**EXERCISE DATA:**
+++++
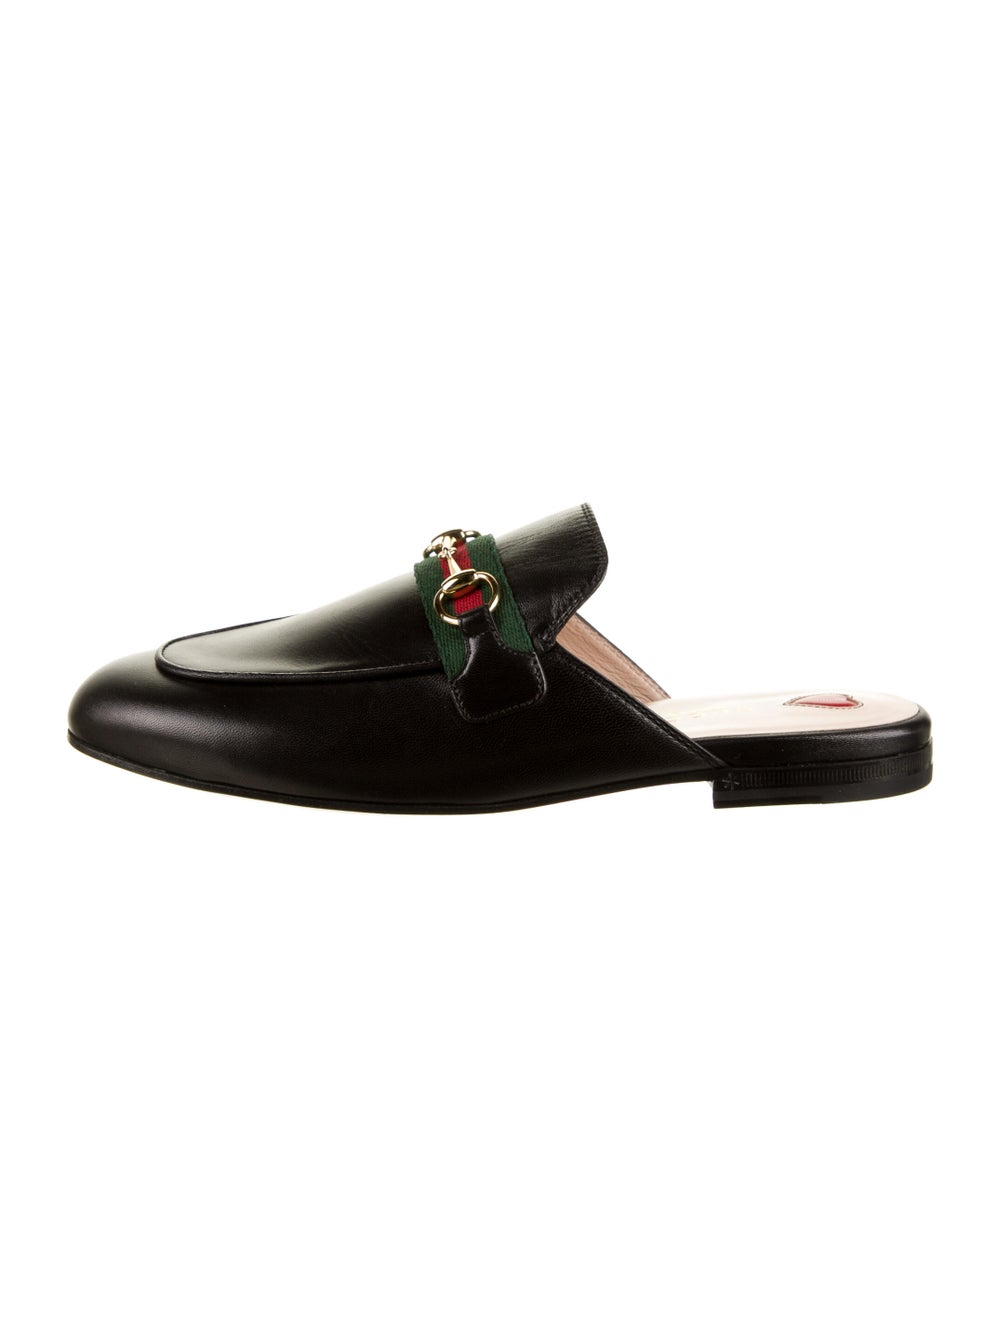 Gucci Princetown Web Accent Mules Black - image 1
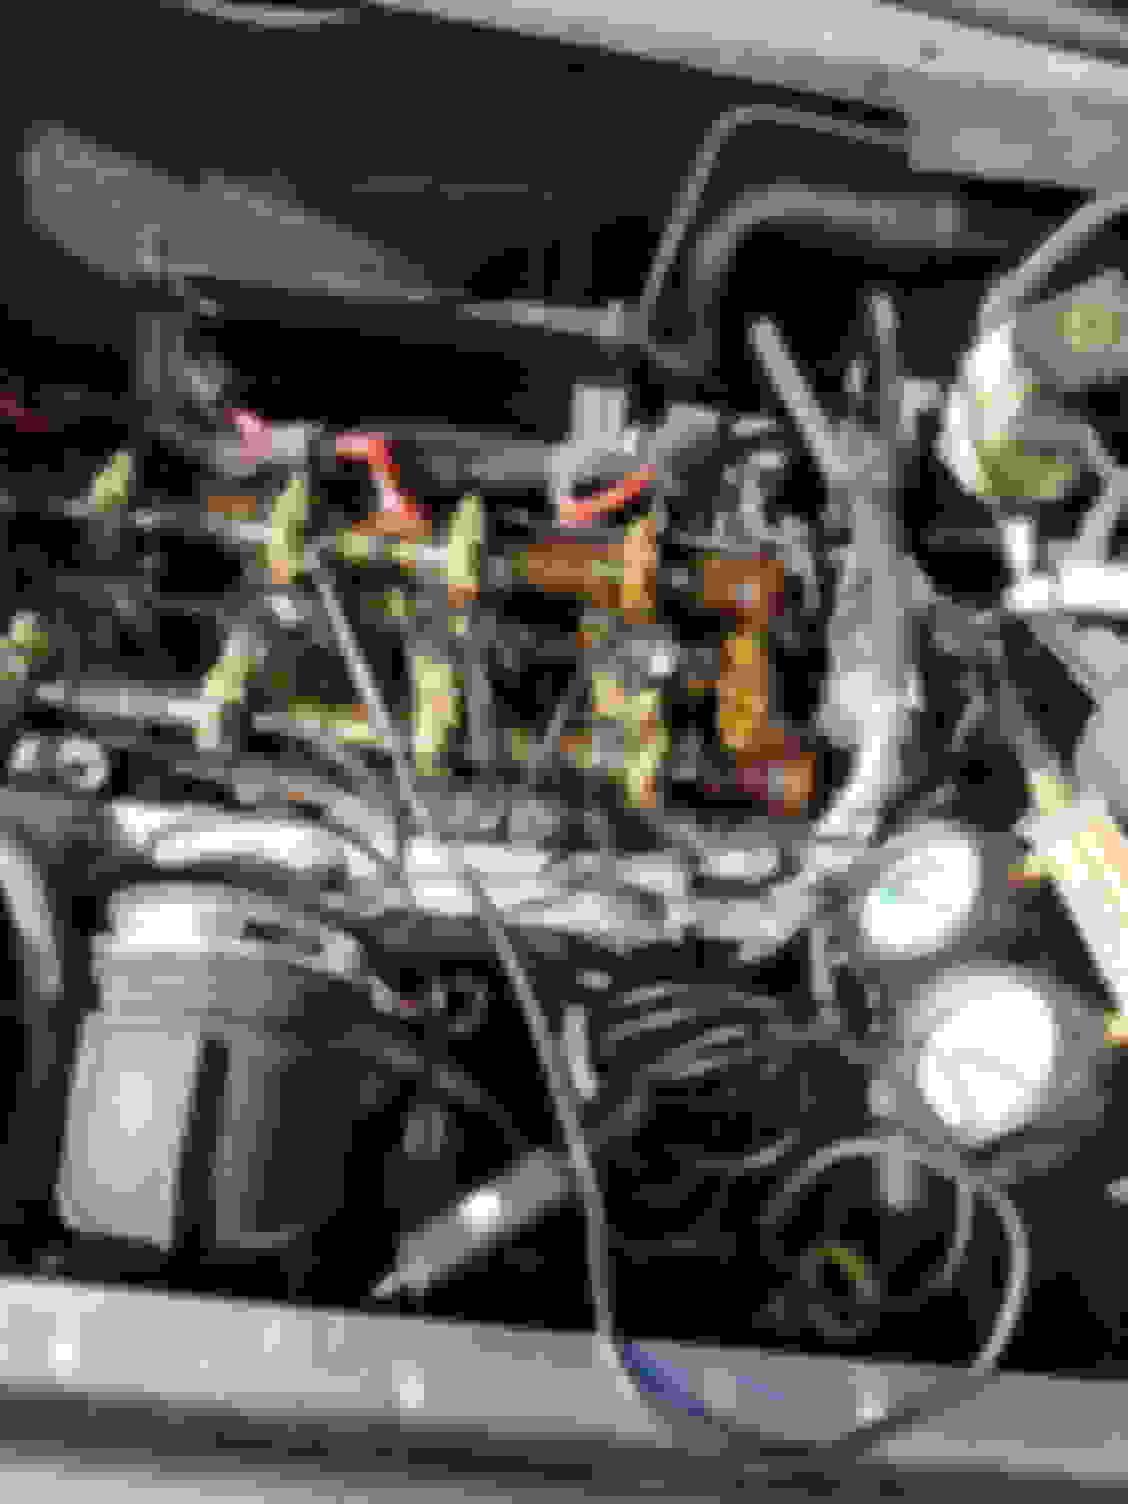 Single Cylinder Misfire - intake valve spring - Page 13 - Chevy HHR
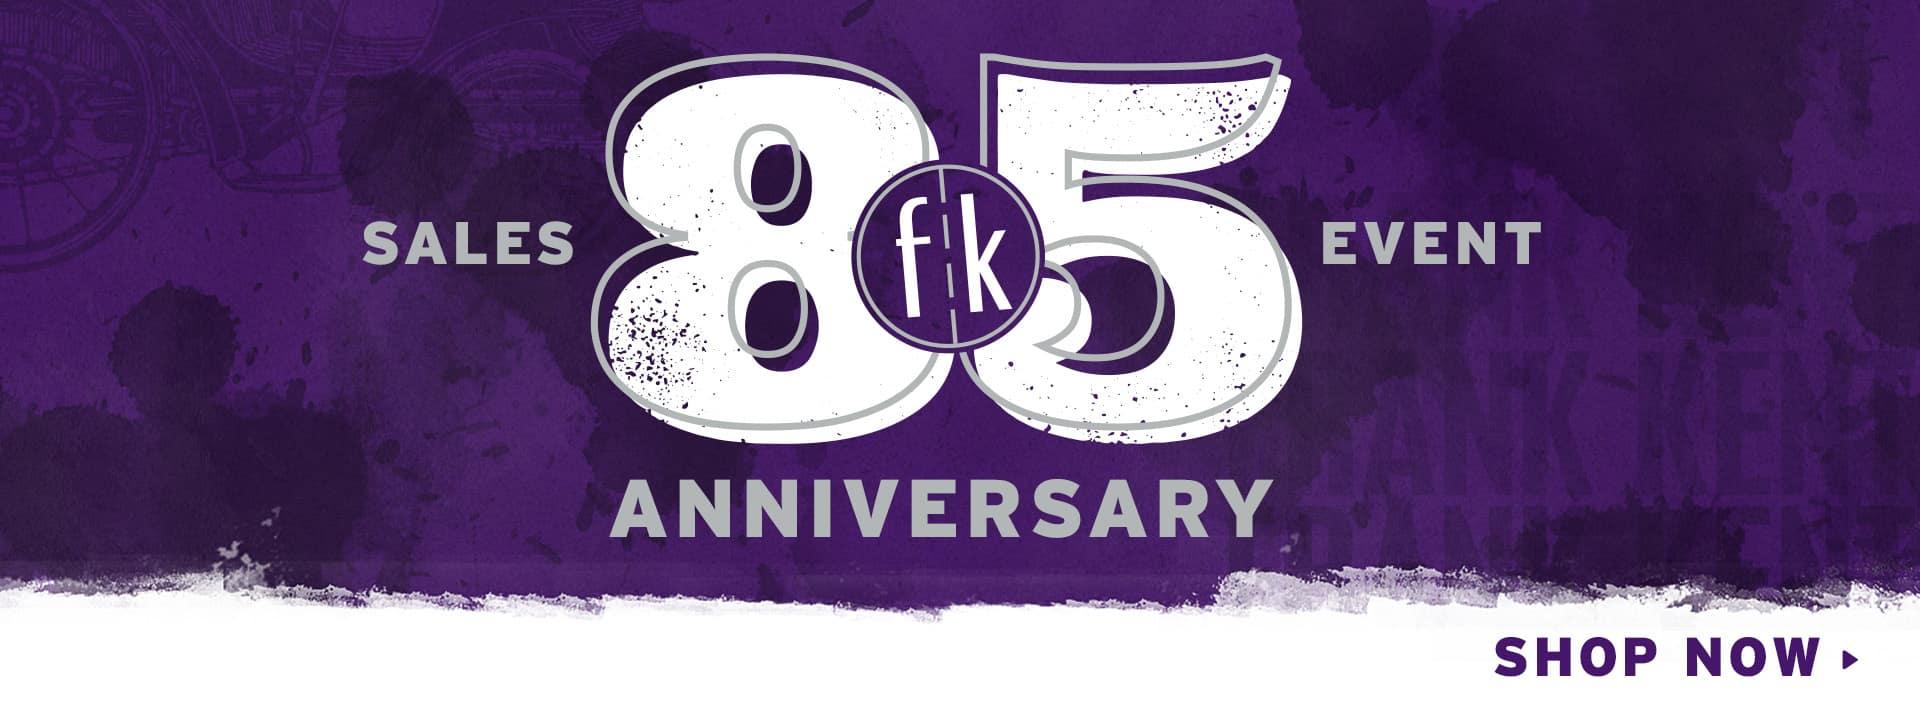 85th Anniversary Sales Event
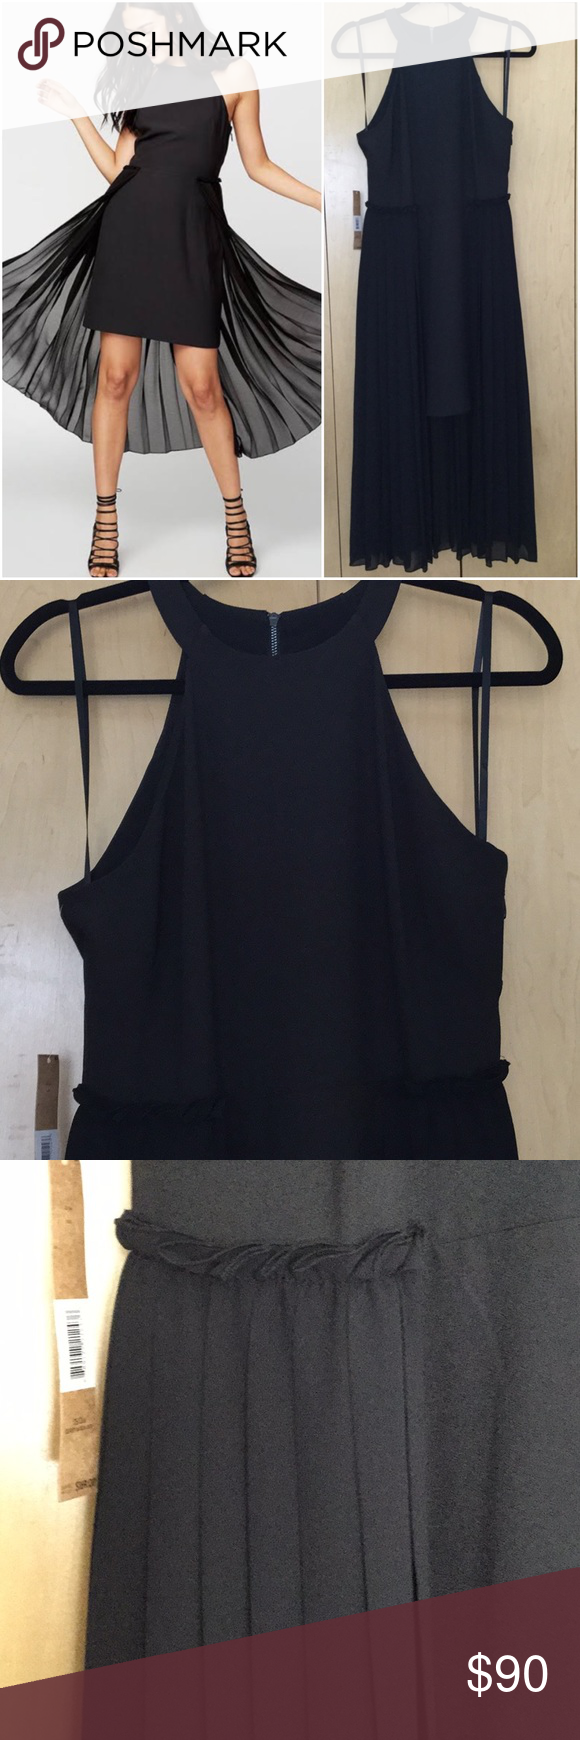 "Rachel Rachel Roy Womens Pleated Chiffon Overlay Rachel Rachel Roy NEW Black Women's Pleated Halter Sheath Dress, fully lining , double zipper, size and back  bust 15.5"", long length 50"", miniskirt length 35"", waist 15"".  #0023 RACHEL Rachel Roy Dresses Midi"
+++++
**TASK TO COMPLETE:** Take the line with "Single Cylinder Misfire" and each line after it through the end of the material above, and reproduce them exactly, both ends included, without pictures.

**ANSWER FOR THIS EXERCISE:**
 Single Cylinder Misfire - intake valve spring - Page 13 - Chevy HHR
 85th Anniversary Sales Event
 "Rachel Rachel Roy Womens Pleated Chiffon Overlay Rachel Rachel Roy NEW Black Women's Pleated Halter Sheath Dress, fully lining , double zipper, size and back  bust 15.5"", long length 50"", miniskirt length 35"", waist 15"".  #0023 RACHEL Rachel Roy Dresses Midi"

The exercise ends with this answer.